4. The method of claim 2, wherein the step of selecting output beams corresponding to a plurality of microphones in the microphone array for outputting according to the sound source spatial parameters of the voice signals comprises:

selecting microphones from the microphone array that are smaller than a predetermined number of channels for beamformed output when the computing power of the device is below a preset power threshold.

5. The method of claim 2, wherein the step of selecting output beams corresponding to a plurality of microphones in the microphone array for outputting according to the sound source spatial parameters of the voice signals comprises:

when the sound source distance is greater than a preset distance threshold or the volume of the sound source space is greater than a preset volume threshold, selecting a microphone subarray with the distance between adjacent microphones greater than a preset distance threshold to perform output after beam forming;

and when the sound source distance is smaller than the preset distance threshold or the volume of the sound source space is smaller than the preset volume threshold, selecting the microphone subarray with the adjacent microphone spacing smaller than the preset spacing threshold to output the formed wave beam.

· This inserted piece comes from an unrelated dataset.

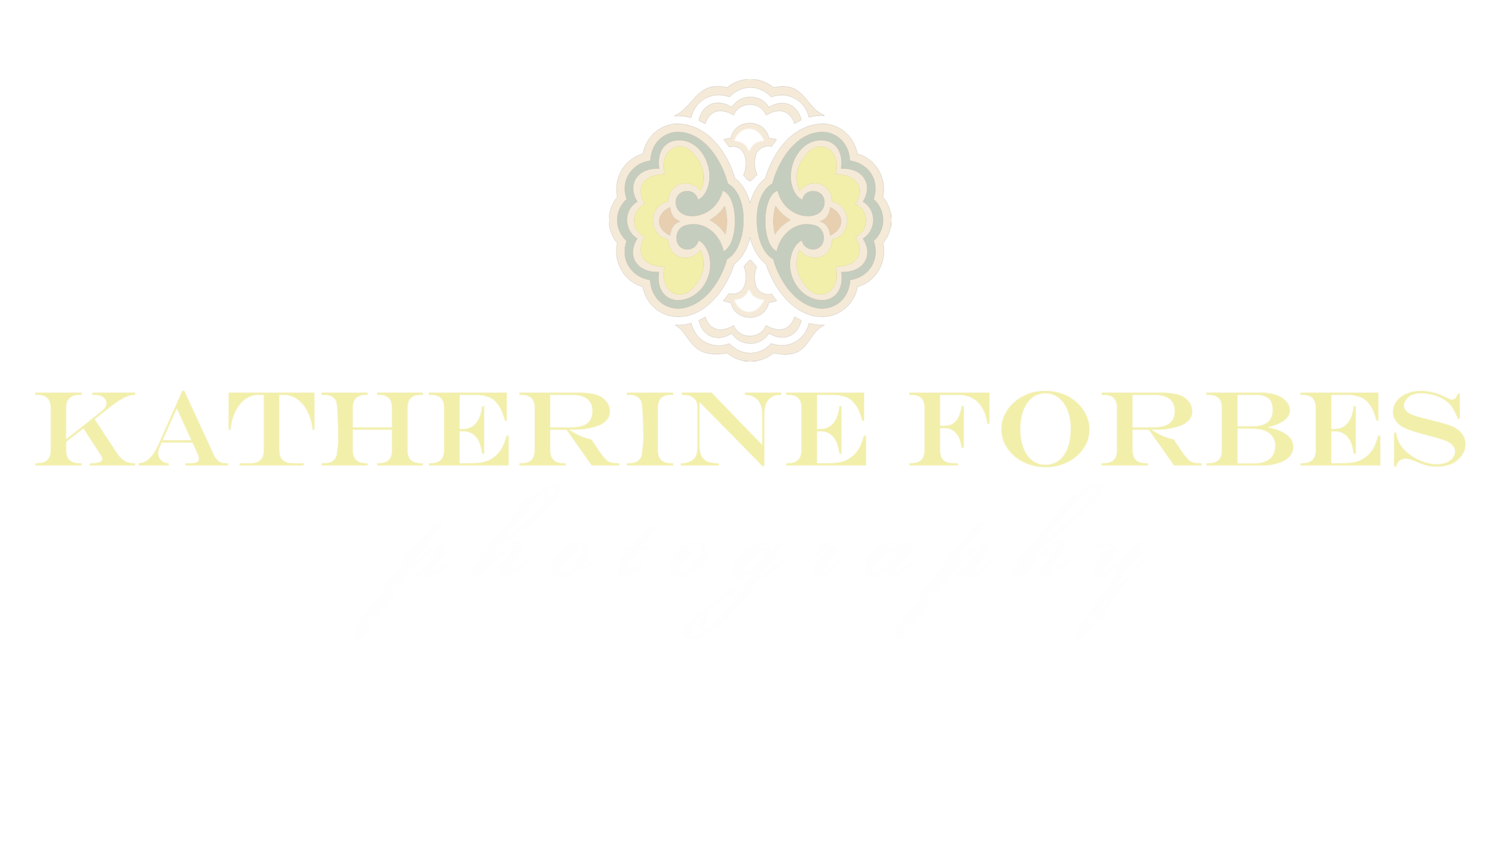 Katherine Forbes Photography

6. The method of claim 2, wherein the step of selecting output beams corresponding to a plurality of microphones in the microphone array for outputting according to the sound source spatial parameters of the voice signals comprises:

and selecting a plurality of microphones close to the sound source to construct a group of uniformly-spaced microphone sub-arrays or non-uniformly-spaced microphone sub-arrays according to the sound source direction and the sound source position for outputting after beam forming.

7. The beamforming method according to claim 1, wherein after the step of selecting output beams corresponding to a number of microphones in the microphone array for outputting according to the sound source spatial parameters of the voice signals, the method further comprises:

and judging whether noise interference in a preset direction exists or not through sound source positioning, if so, obtaining one path of output by passing the multi-path output beams through the generalized side lobe canceller, and otherwise, directly adding the multi-path output beams to obtain one path of output.

8. A microphone array based beamforming apparatus comprising a processor and a memory electrically connected to the processor, the memory for storing a computer program, the processor for invoking the computer program to perform the method of any of claims 1-7.

9. A storage medium, characterized in that the storage medium stores a computer program executable by a processor to implement the method of any one of claims 1-7.